--- Extracted information Enclosed Below ---

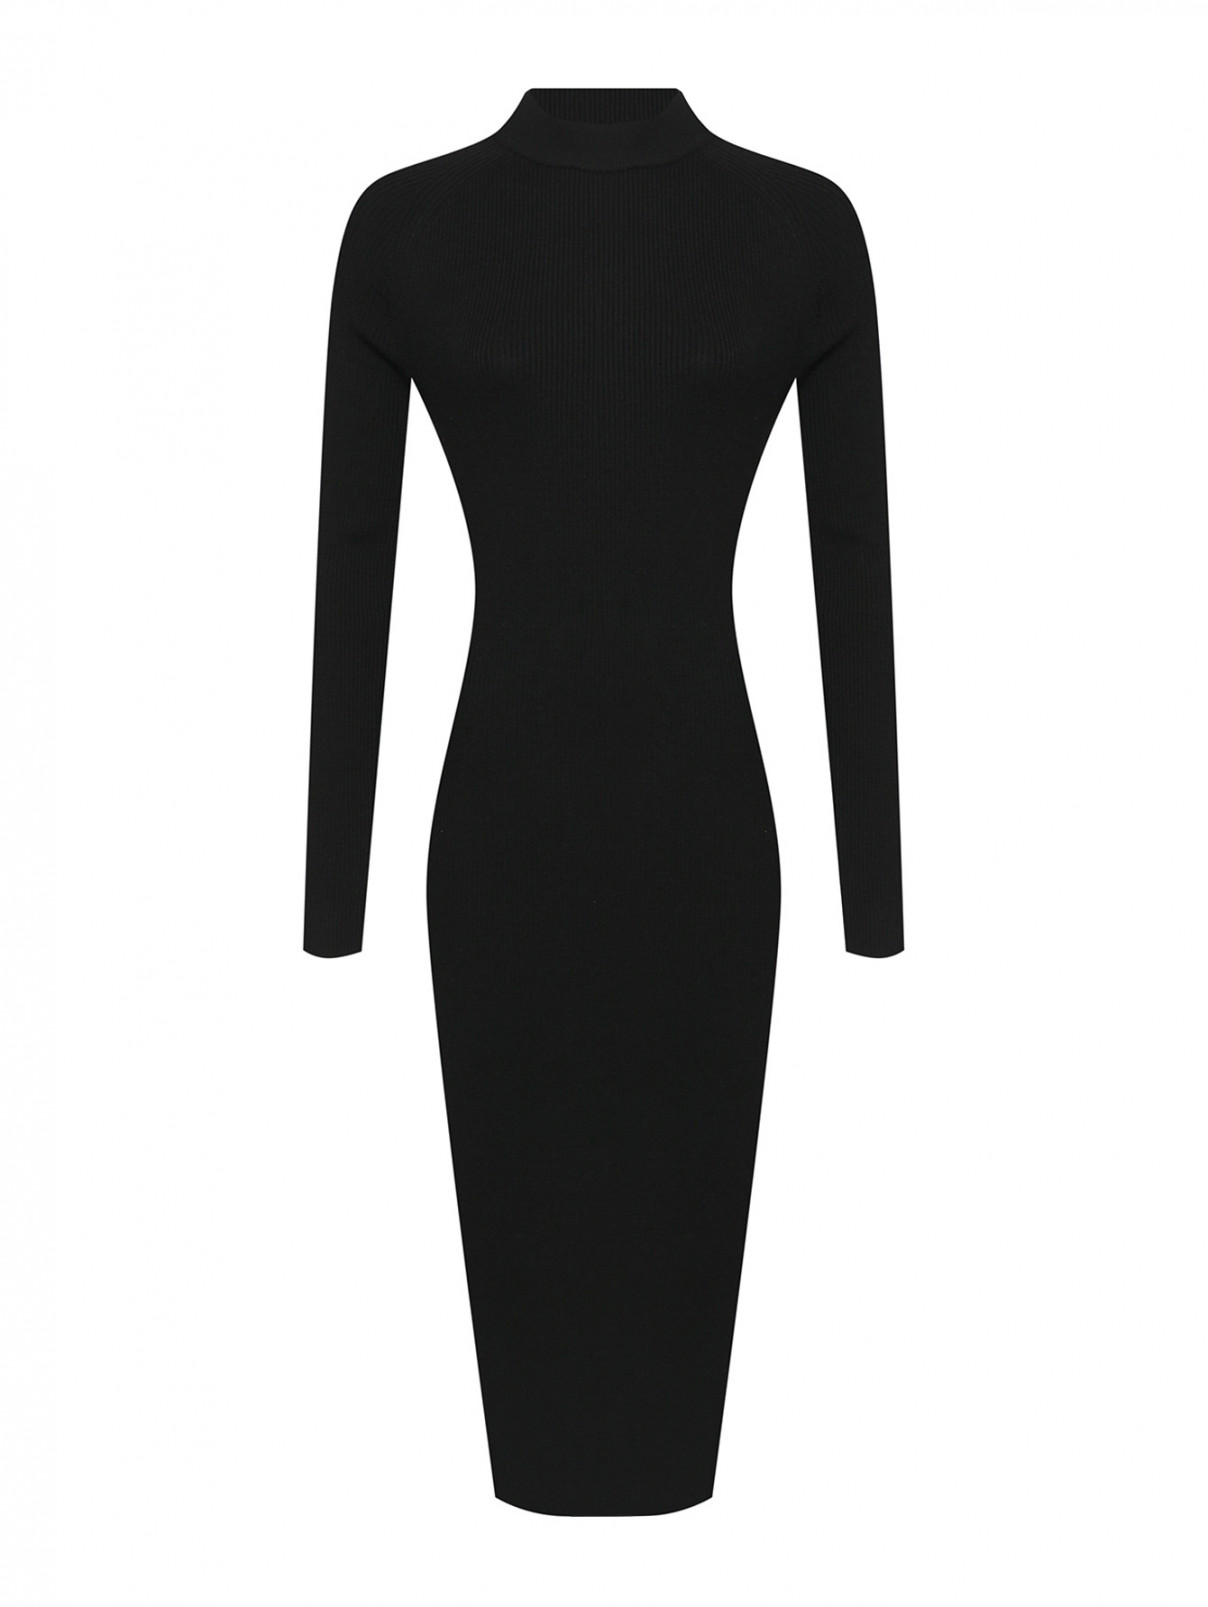 Платье-водолазка из шерсти Max Mara  –  Общий вид  – Цвет:  Черный
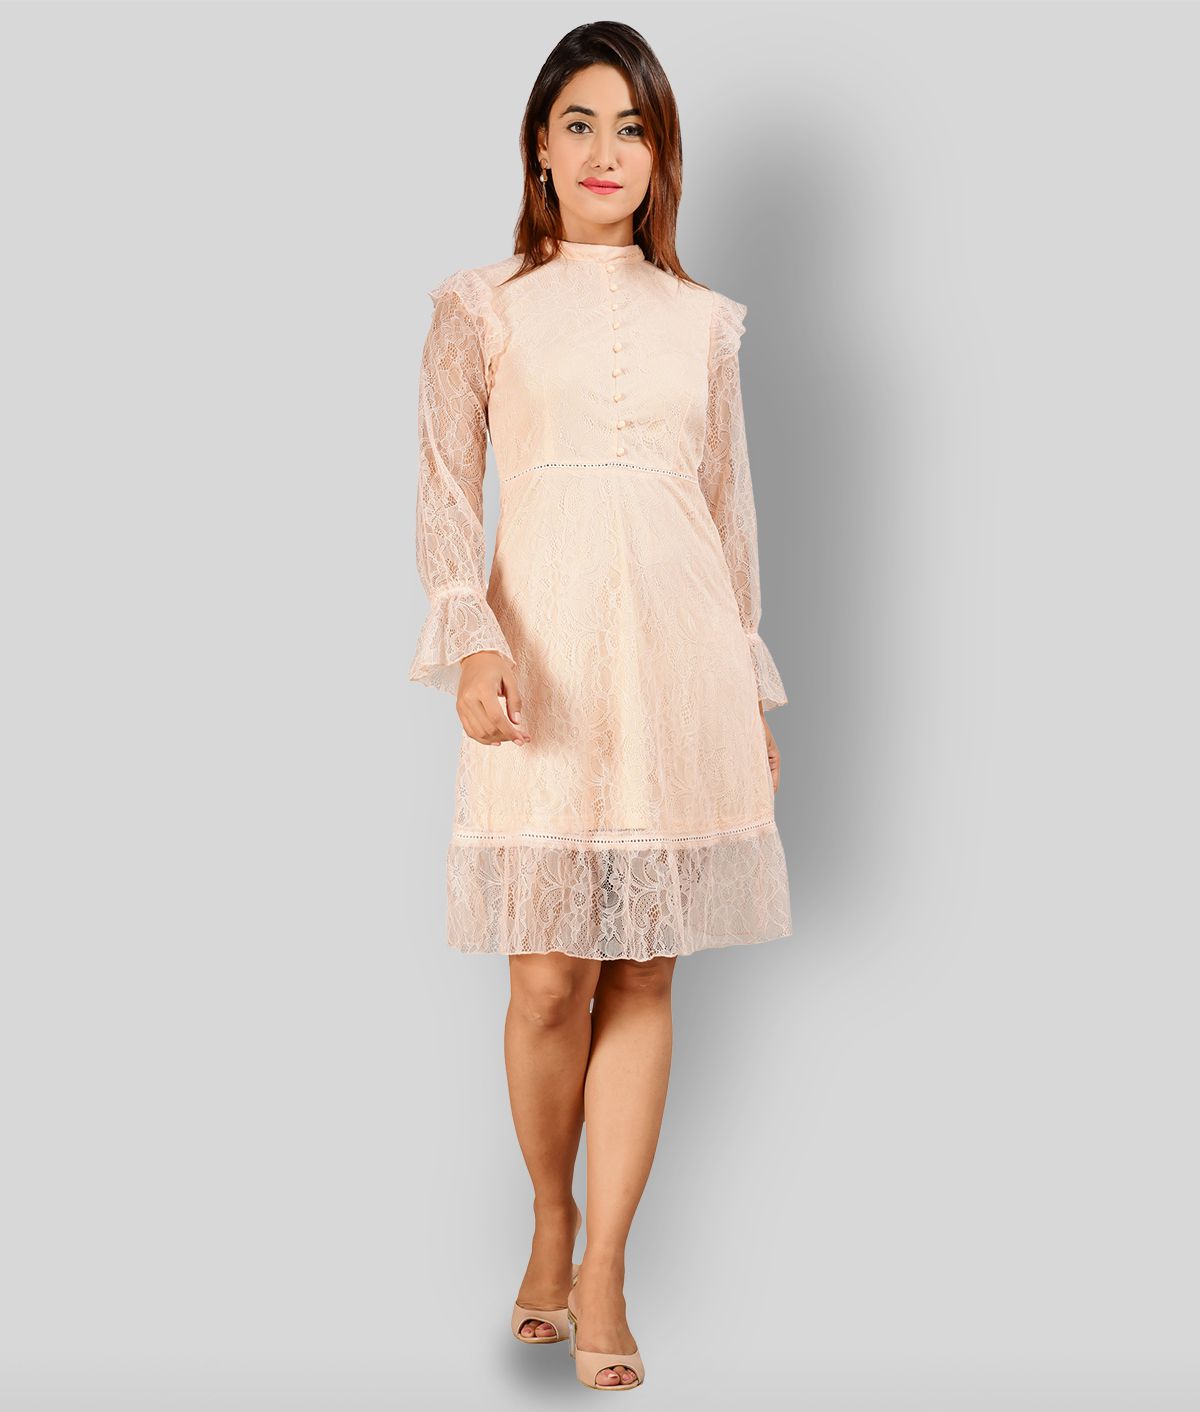 ELEENA - Beige Net Women's A-line Dress ( Pack of 1 )
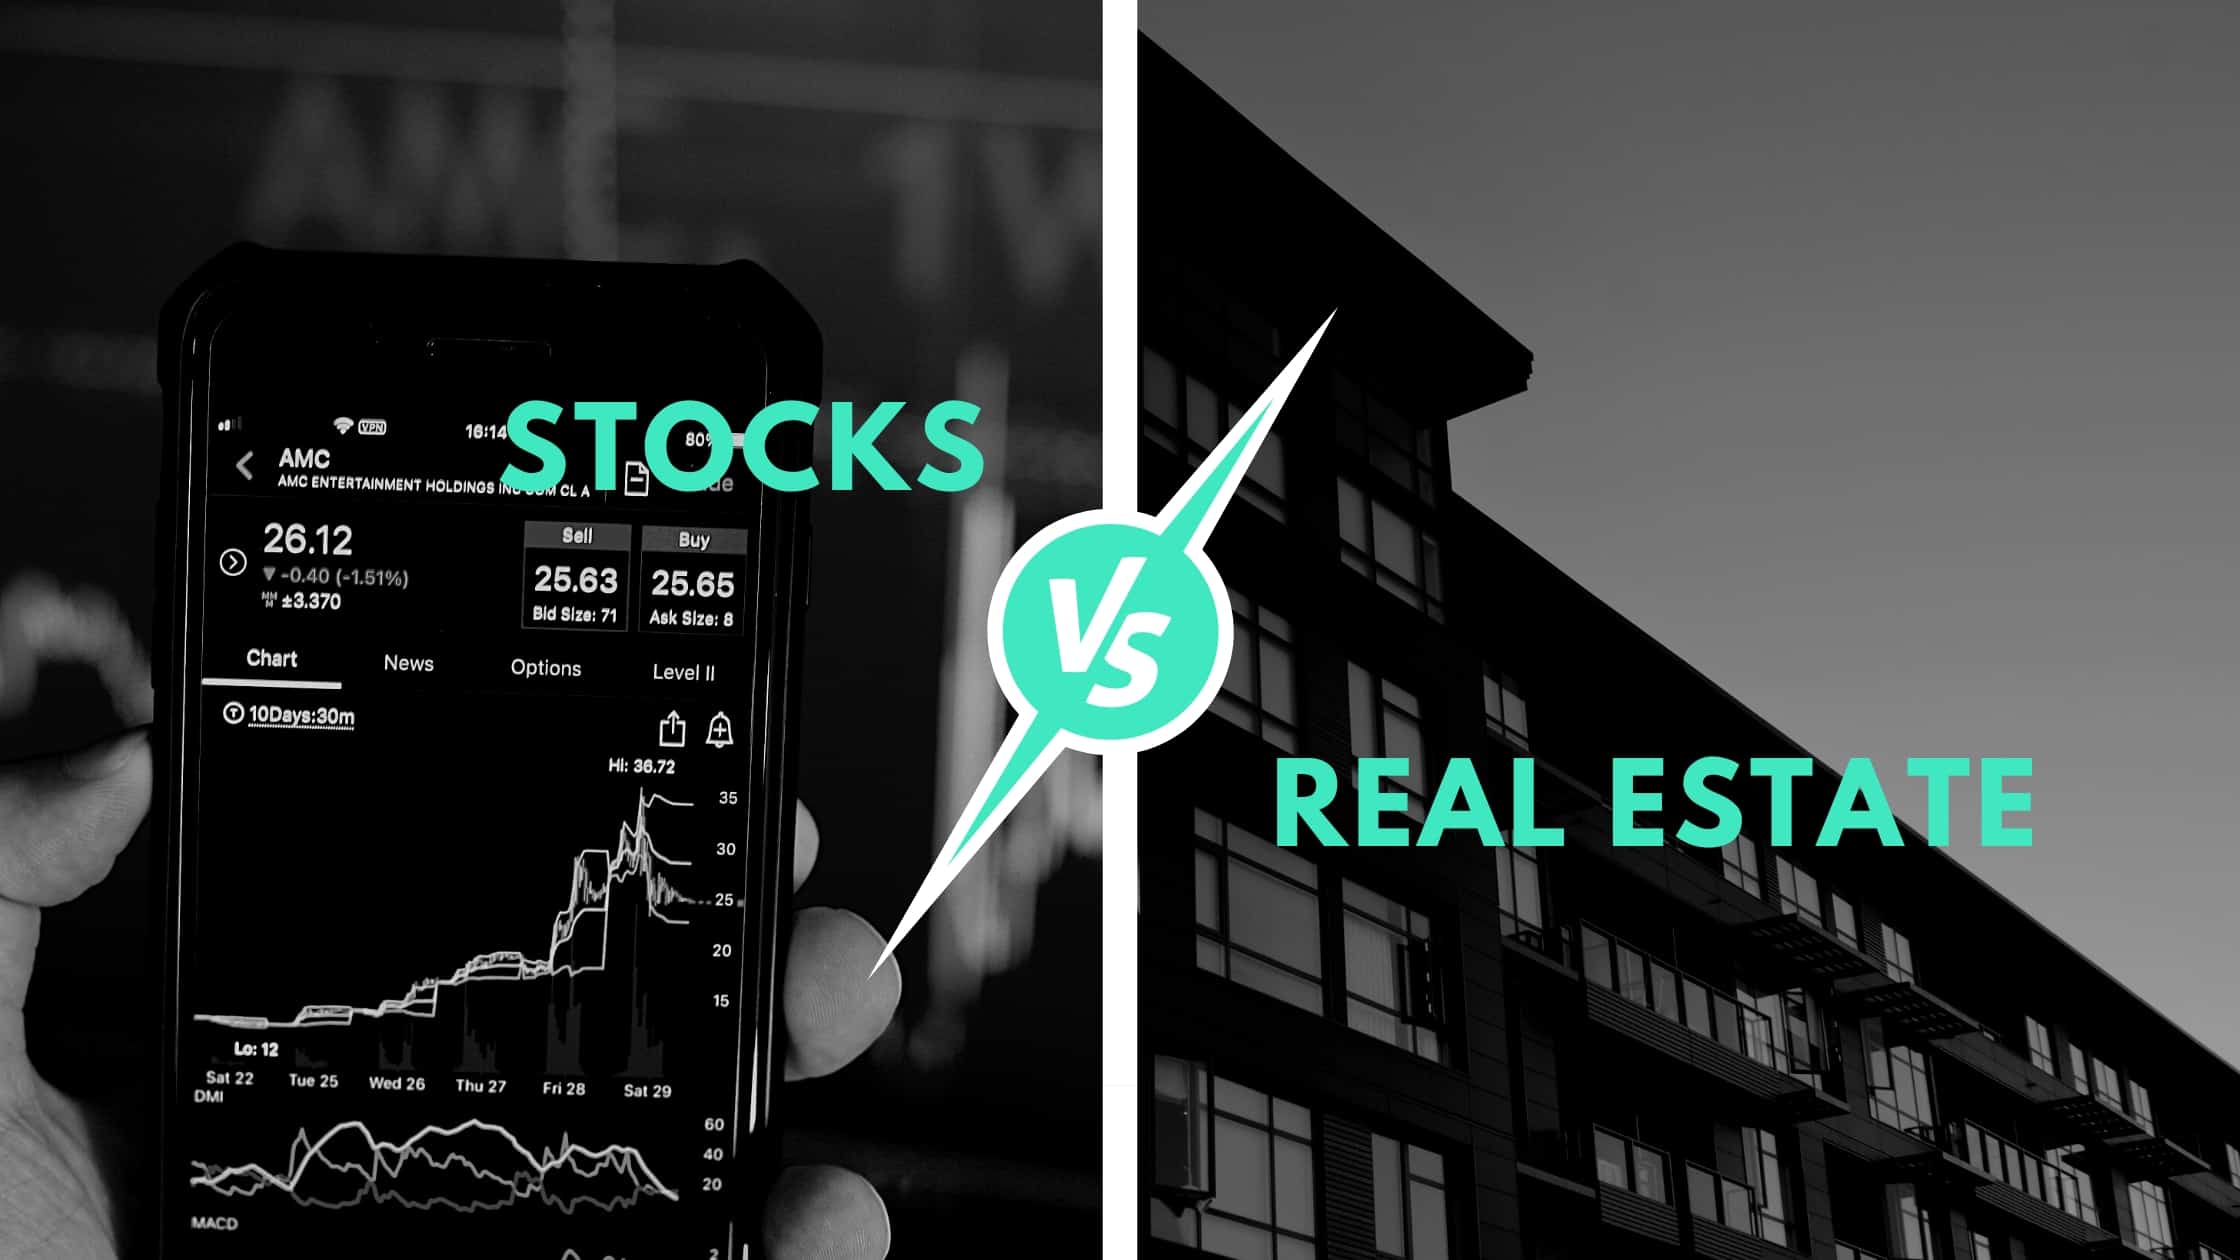 Real Estate vS. Stock Investing
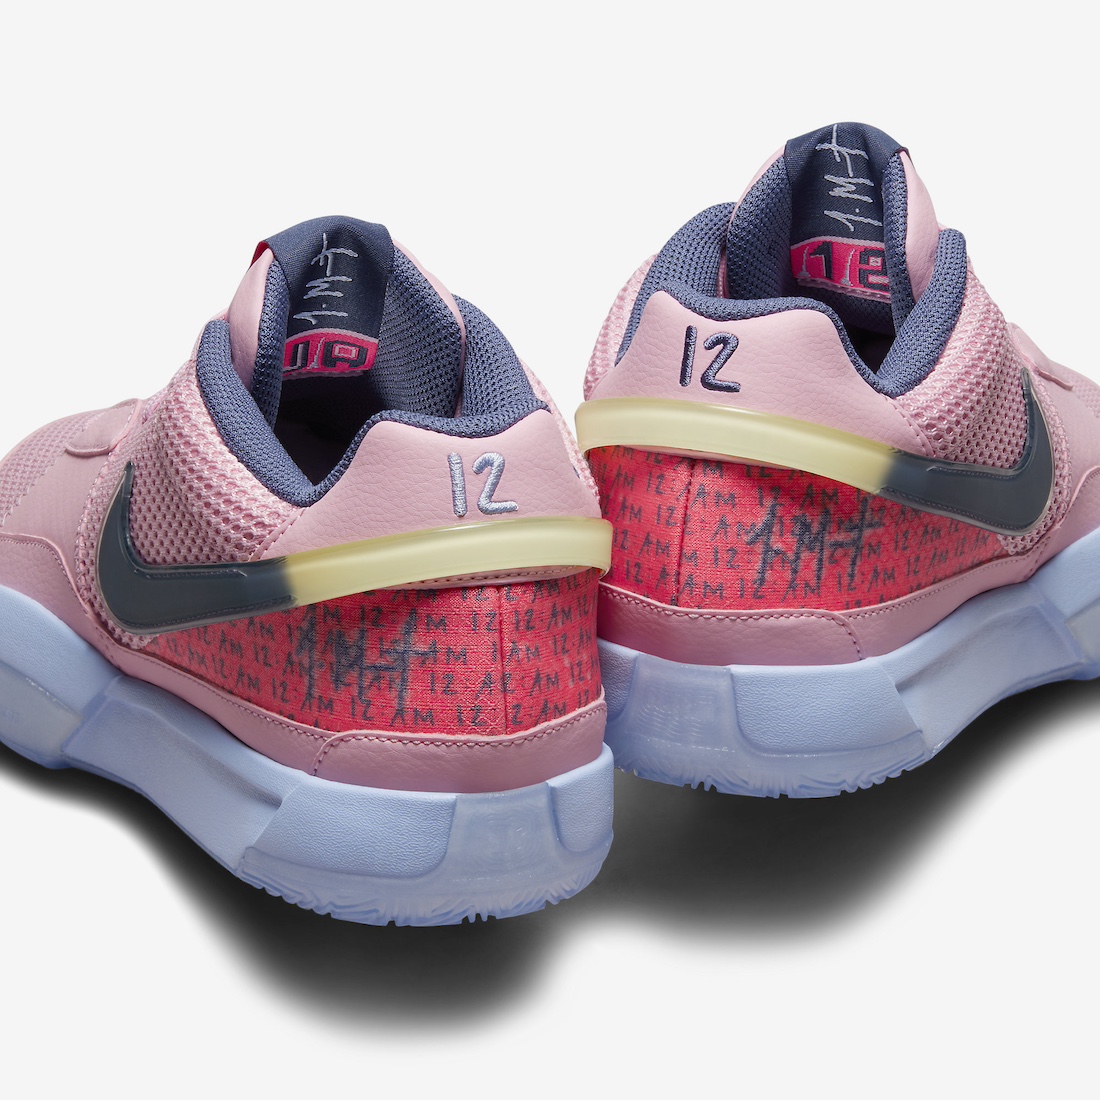 Nike Ja 1 PE Autograph Medium Soft Pink FV1281 600 9
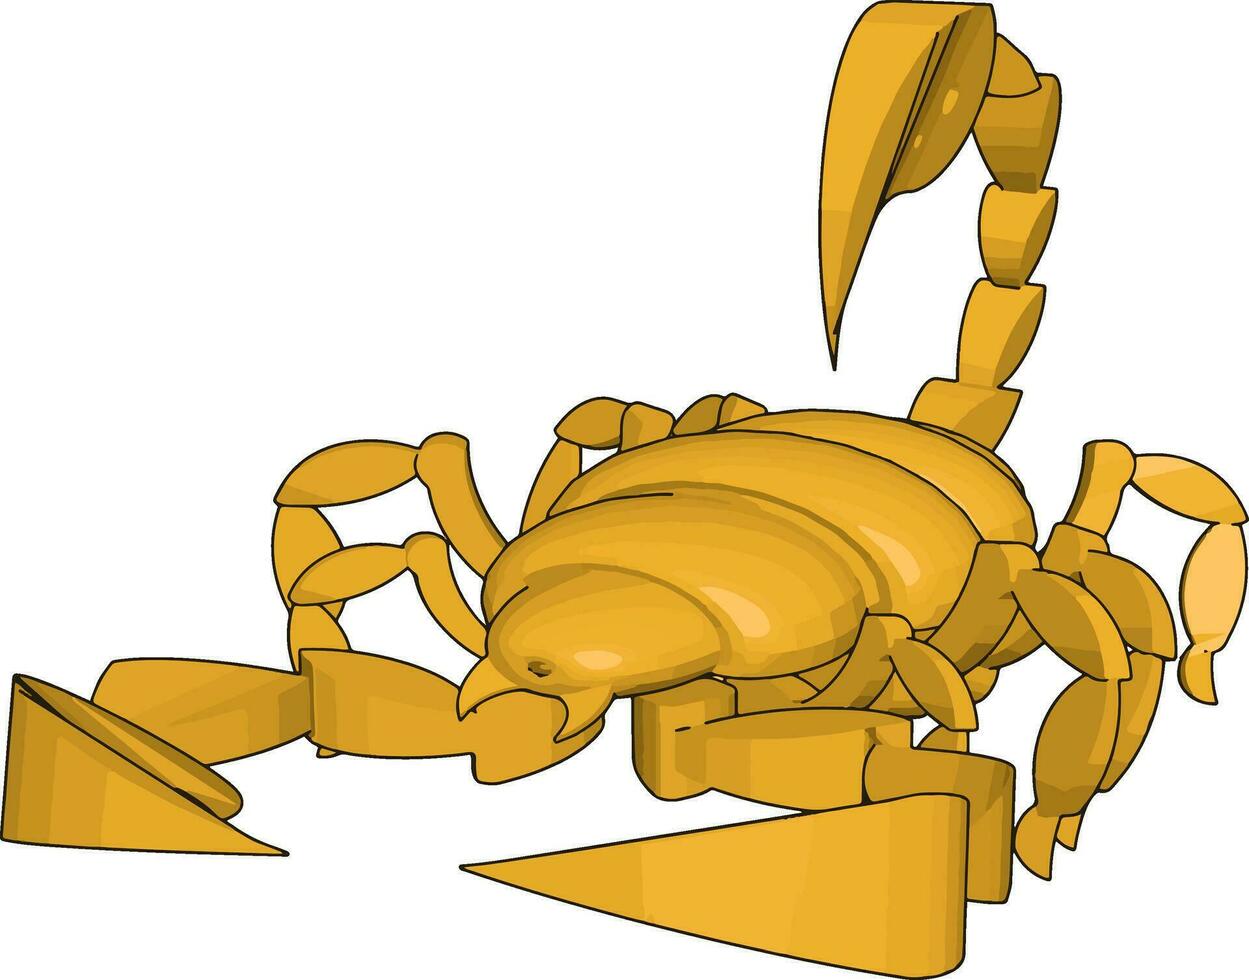 modo de un escorpión 3d, ilustración, vector sobre fondo blanco.

--- End of Enclosed Extracted information ---

In the entries above, find the line containing "ELEENA - Beige", then please retype it and every line after it through the last, exactly as written, omitting pictures.

_Written response_
 ELEENA - Beige Net Women's A-line Dress ( Pack of 1 )
 Real Estate vS. Stock Investing
 Nike Ja 1 PE Autograph Medium Soft Pink FV1281 600 9
 modo de un escorpión 3d, ilustración, vector sobre fondo blanco.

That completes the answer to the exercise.